Operational disciplines

The disciplines that distinguish a cleansing layer that holds up in production from one that produces alert fatigue and silent drift:

Quarantine, do not delete. Records that fail validation go to a quarantine table, not to the trash. The team needs to be able to see what was rejected and why, both to diagnose upstream defects and to recover records that were rejected on a since-corrected rule. Deleting rejections destroys both capabilities.

Track rule provenance. Each cleansing rule has a name, a definition stored in version control, and a record of which release introduced it. A failure alert references the rule by name. A rule change goes through code review like any other code change. Rules that exist only in a runtime configuration file are rules nobody is responsible for.

Make rule failures alertable, not aggregable. A rule that fails on 0.3% of rows every cycle is a rule whose threshold needs adjusting or whose alert is being ignored. The team that sees "147 rule failures today" without breaking that number down by rule is the team that is no longer reading the alerts. Aggregating failures across rules into a single dashboard number is worse than not tracking them, because it produces the appearance of monitoring without the substance.

Budget the observability profiling cost. Profile fact and dimension tables daily; profile staging tables at schema-and-freshness depth only; do not profile intermediate models that nobody queries directly. The default settings on most observability platforms profile everything, and the resulting credit consumption is one of the recurring objections leadership raises when reviewing the platform cost.

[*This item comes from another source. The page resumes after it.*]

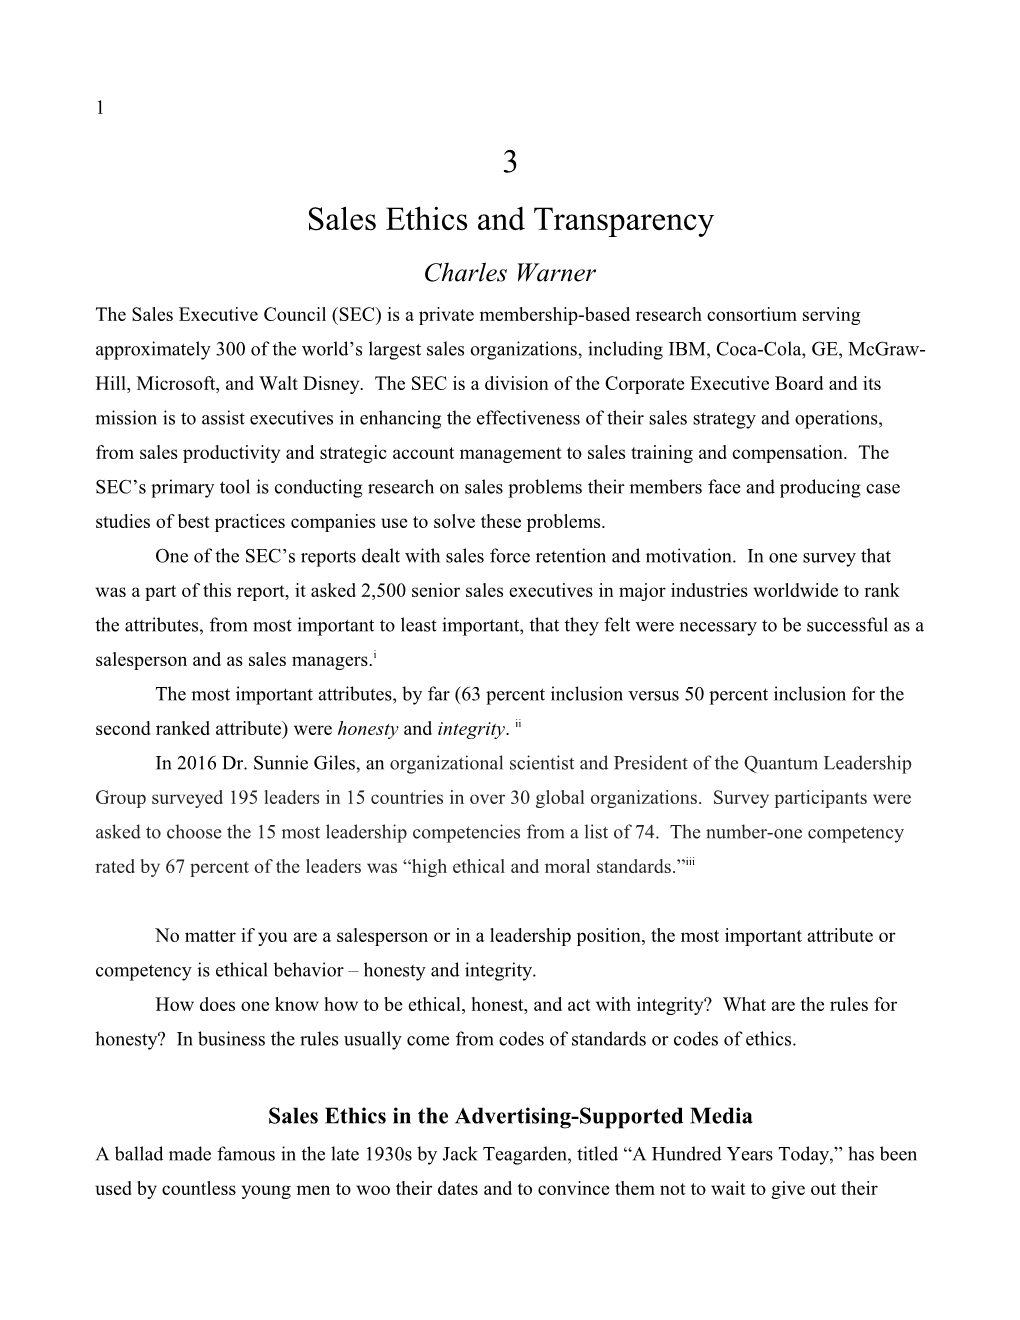 Sales Ethics and Transparency

Plan for source schema drift before it happens. Source systems change schemas without coordinating with the warehouse team. The staging models that depend on those schemas break when they do. Tests that detect schema drift early (a new column that nobody has mapped, a removed column that the staging model still references) produce a clean failure at staging rather than a propagated wrong number downstream. The mechanism is unglamorous: schema-drift checks running as part of every load cycle, with explicit handling for the additions and removals the team chooses to absorb versus the ones that require a model update.

The change data capture technique article covers the load mechanism that delivers source changes to the staging layer where cleansing applies. The slowly changing dimensions article covers the change-handling that interacts with cleansing at the dimensional layer, including the hash-based change detection that depends on attribute normalization. The warehouse loading and operations pillar covers the broader operational context, including idempotency and watermarks, which constrain how cleansing rules interact with re-runs and partial recovery.

For the definitional version of the term, see the data quality glossary entry.

Closing

Data cleansing is not a phase that happens once and concludes. It is a continuous discipline expressed as rules tested at the staging-to-curated boundary, paired with observability that catches the patterns the rules do not anticipate. The rules belong in version control alongside the models they validate. The observability layer belongs across the curated tables that downstream consumers depend on. The failure mode the discipline exists to prevent is the silent one: a defect that nobody flagged, that nobody noticed, that surfaced as a wrong number in a report that informed a decision.

Reference

The five-category framing of data quality dimensions traces to:

Richard Y. Wang and Diane M. Strong, "Beyond Accuracy: What Data Quality Means to Data Consumers," Journal of Management Information Systems, Vol. 12, No. 4, 1996.
DAMA International, DAMA-DMBOK: Data Management Body of Knowledge, 2nd ed., Technics Publications, 2017. Chapter 13 covers data quality dimensions and management.
Ralph Kimball and Margy Ross, The Data Warehouse Toolkit, 3rd ed., Wiley, 2013. The inferred-member and quarantine patterns at the dimensional layer.

For the modern test-driven cleansing pattern, the dbt project documentation on tests and the Great Expectations documentation on expectation suites are the canonical references; both projects publish maintained guides that supersede earlier vendor whitepapers on the topic.